Generalized equivariant cohomology and stratifications (Q2827401)

Let \(T\) be a compact torus and let \(T_{\mathbb C}\) denote its complexification. Let \(E^\ast_{T}\) be a generalized \(T\)-equivariant cohomology. In this paper the authors provide a systematic framework to compute \(E^\ast_{T}(X)\) for a smooth complex projective \(T_{\mathbb C}\)-variety \(X\) with an equivariant stratification. Specifically this research is focused on the case where \(E^\ast_{T}\) is ordinary equivariant cohomology \(H^\ast_{T}\), equivariant \(K\)-theory \(K^\ast_{T}\) or equivariant complex cobordism \({MU}^\ast_{T}\).

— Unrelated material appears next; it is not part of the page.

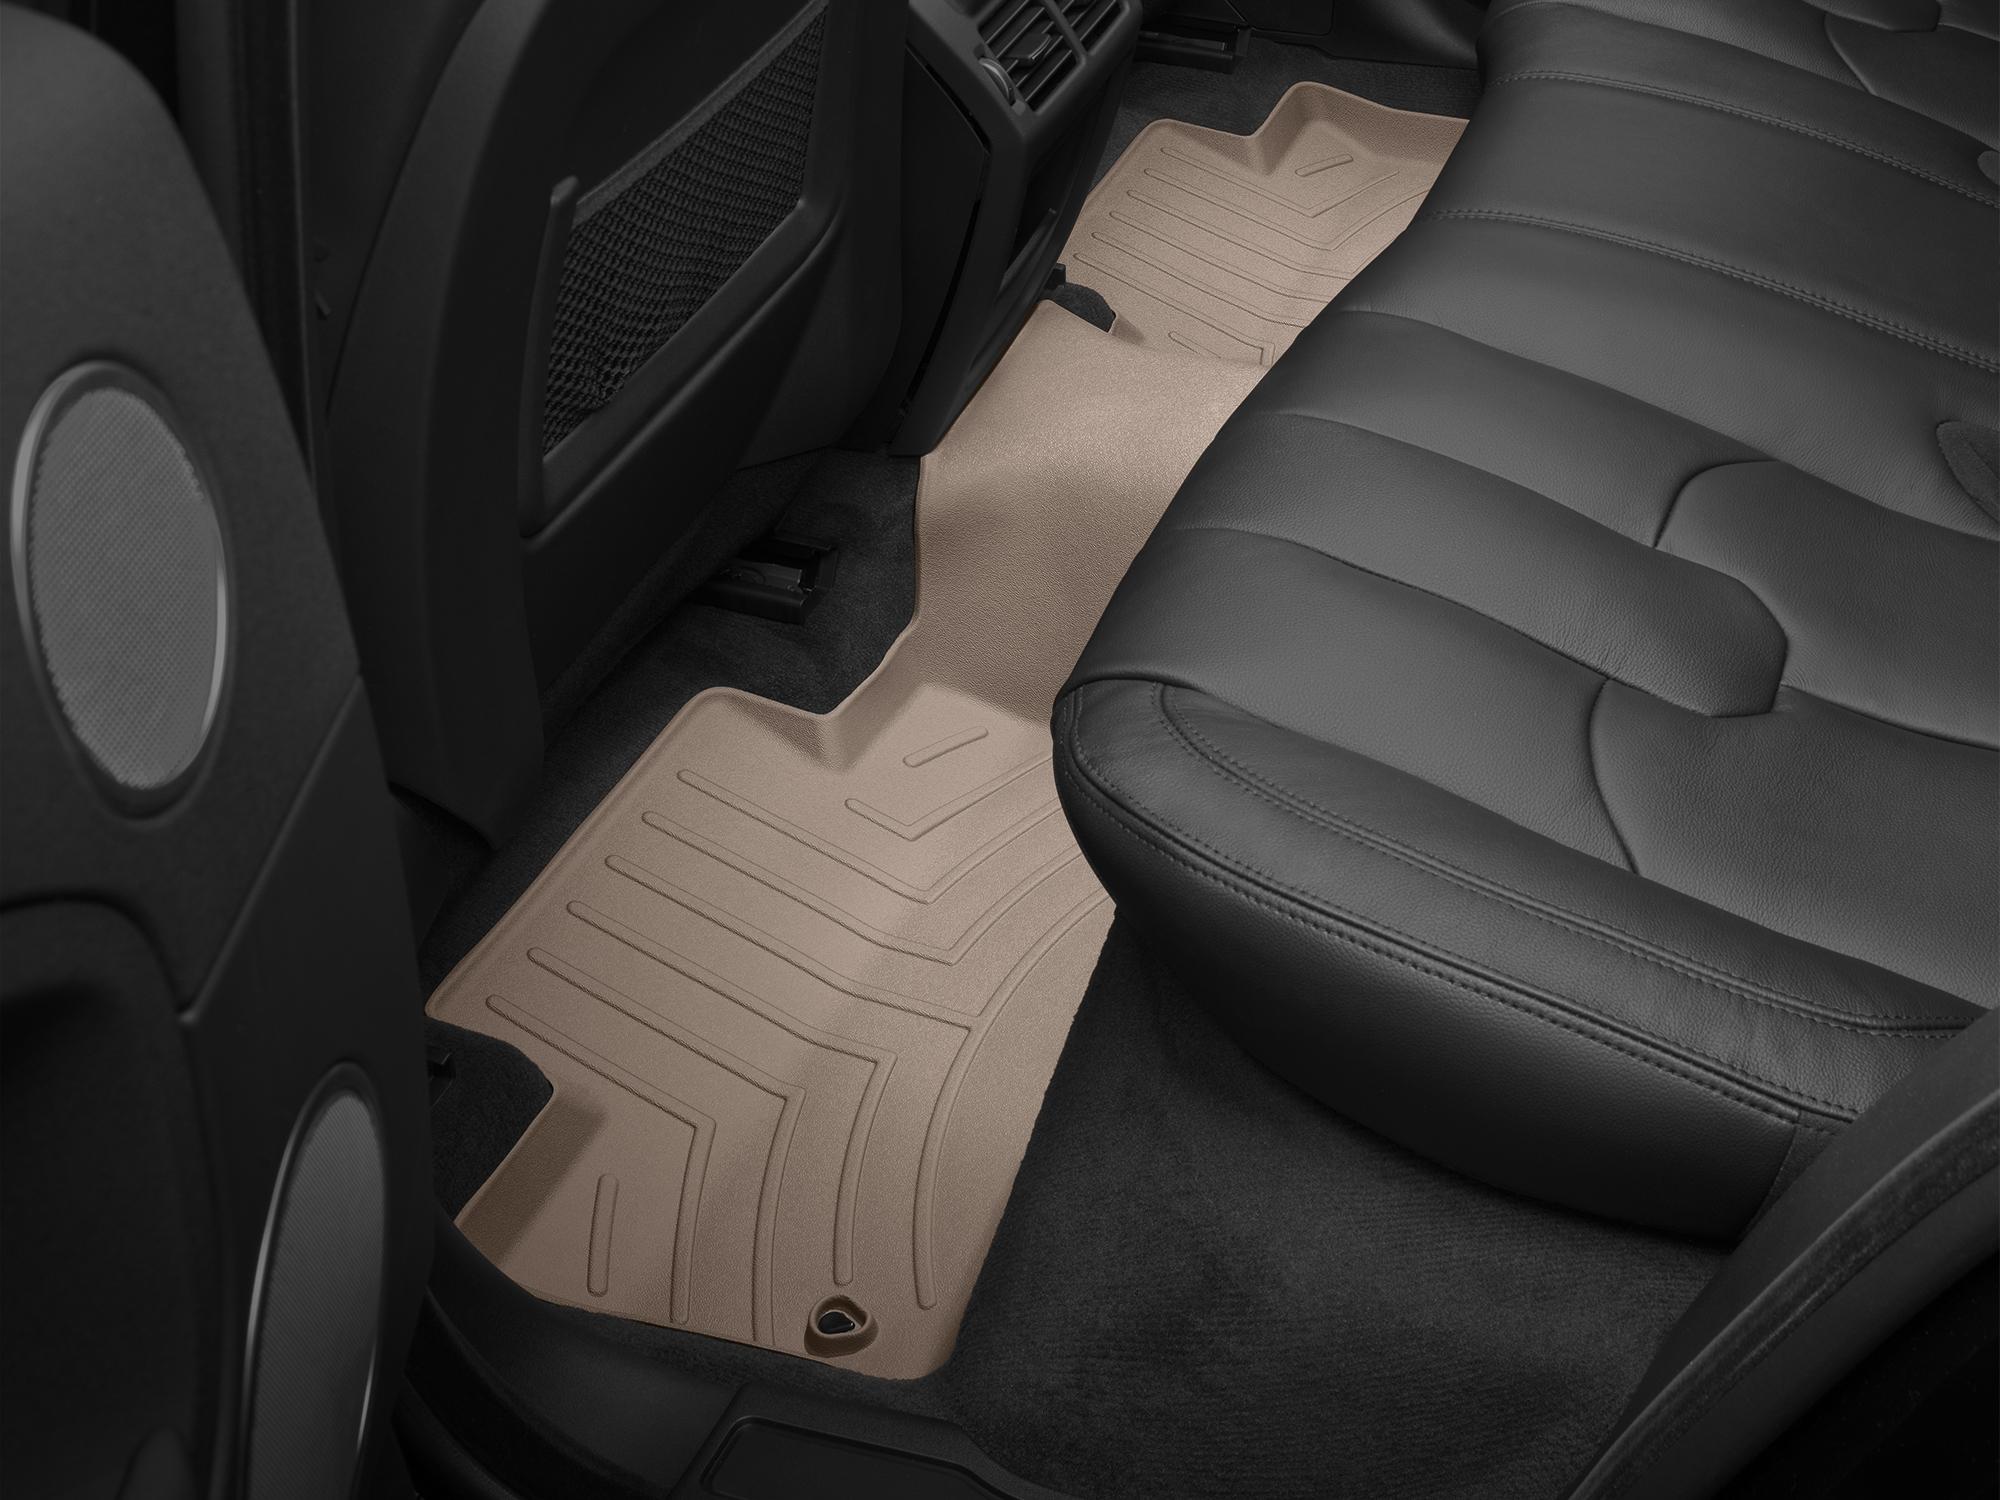 Tappeti gomma su misura bordo alto Land Rover 16>17 Marrone A2008*

Indeed, in this case the authors prove that if \(X\) can be written as the direct limit of a sequence \(X_0\subseteq X_1\subseteq X_2\subseteq\cdots\) of equivariant closed embeddings of smooth complex projective \(T_{\mathbb C}\)-varieties, each \(X_i\) having finitely many \(T\)-fixed points, then there is an isomorphism NEWLINE\[NEWLINEE^\ast_{T}(X)\cong\prod_{x\in X}^{T} E^\ast_{T}({pt})NEWLINE\]NEWLINE of \(E^\ast_{T}({pt})\)-modules (Theorem 1). In addition, the authors present an example of a \(T\)-space \(X\) satisfying the hypotheses posed above. Let \(G\) be a simply-connected complex semisimple Lie group and \(T\subseteq G\) be a maximal torus. If we denote by Gr its affine Grassmannian, then we find that Gr actually is the desired \(T\)-space having a natural stratification. In fact, by using the ideas discussed for proving the above isomorphism the authors obtain \(E^\ast_{T}(\mathrm{Gr})\cong \prod_{\lambda\in X_\ast(T)} E^\ast_{T}({pt})\) as \(E^\ast_{T}({pt})\)-modules. Here \(X_\ast(T)=\mathrm{Hom}(\mathbb C^\ast,T_{\mathbb C})\).